Problem statement
Beginning with the line containing "Popular Brands with", write out each line exactly through the end of the listing, and skip all pictures.

[Opening Raw data section]

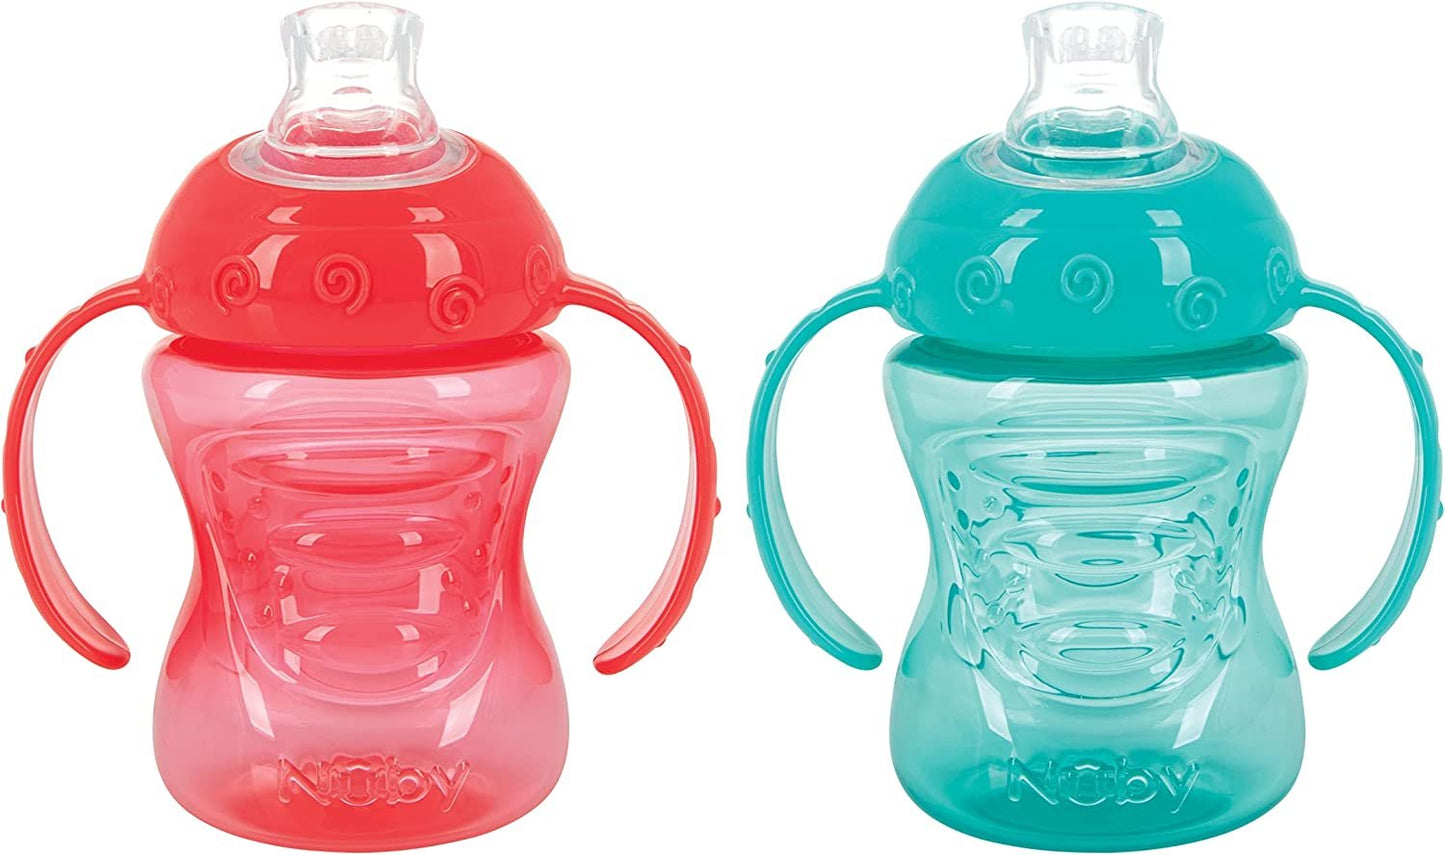 Nuby Two-Handle No-Spill Super Spout Grip N' Sip Cups, 8 Ounce (2 Count, Coral, Aqua)
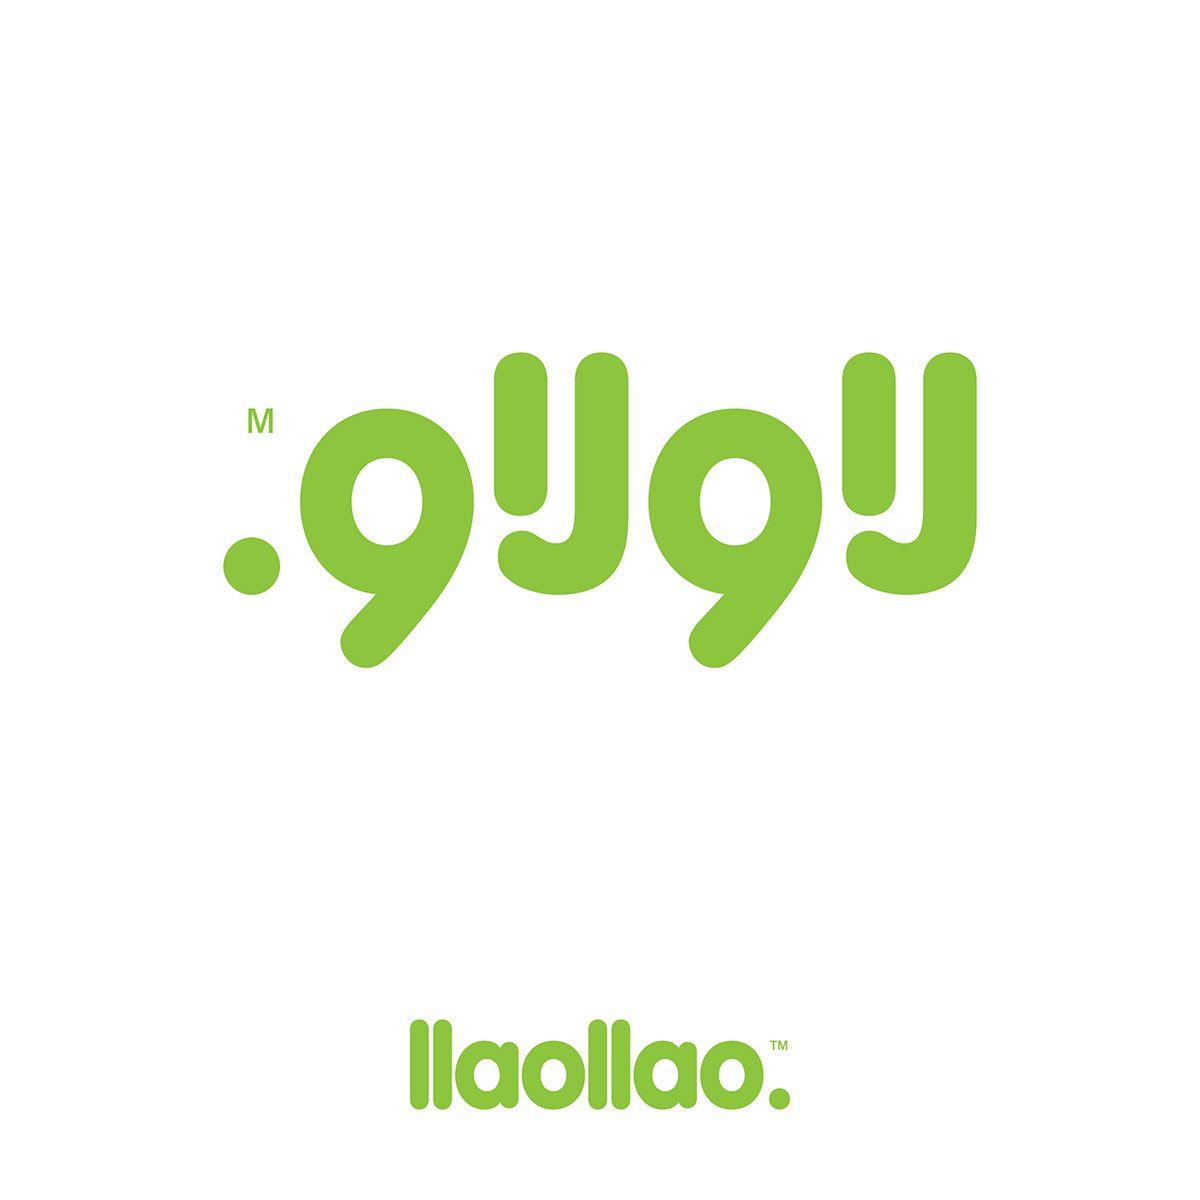 Popular Brands with a Green Logo - Popular Brands Logo - Arabic Version on Student Show
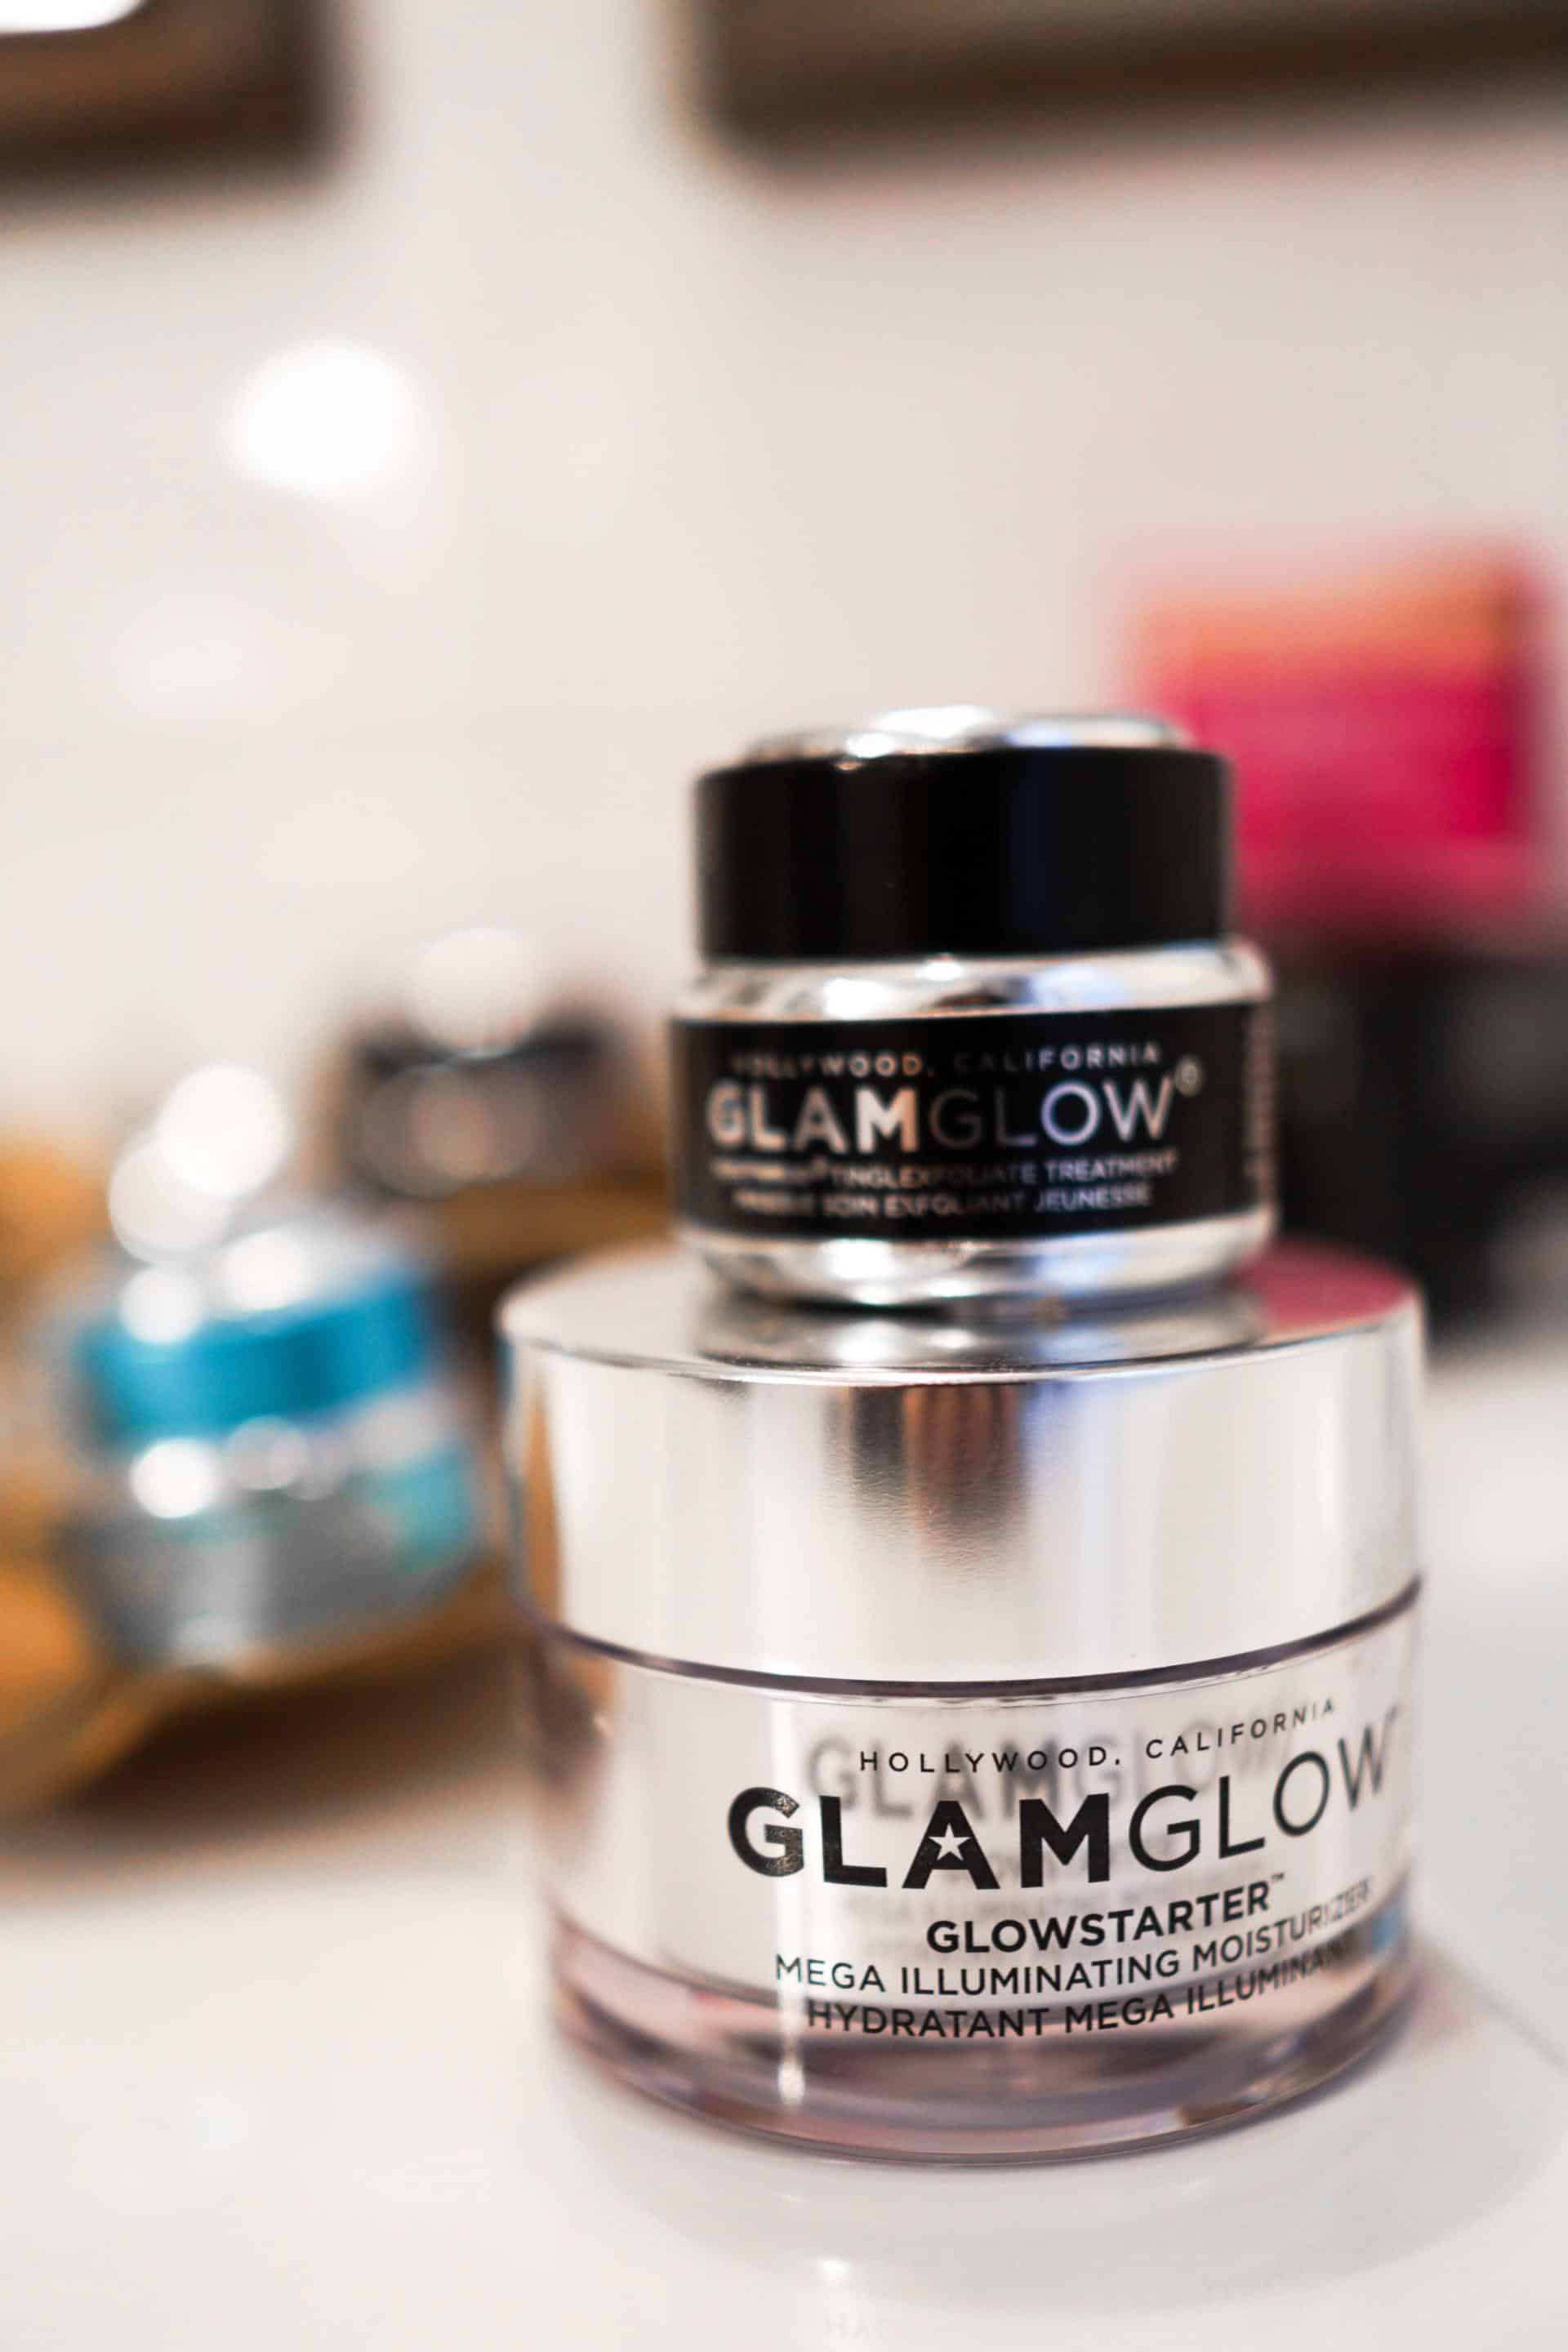 glamglow mini size compared to regular size

[Closing Raw data section]

Written response
 Popular Brands with a Green Logo - Popular Brands Logo - Arabic Version on Student Show
 glamglow mini size compared to regular size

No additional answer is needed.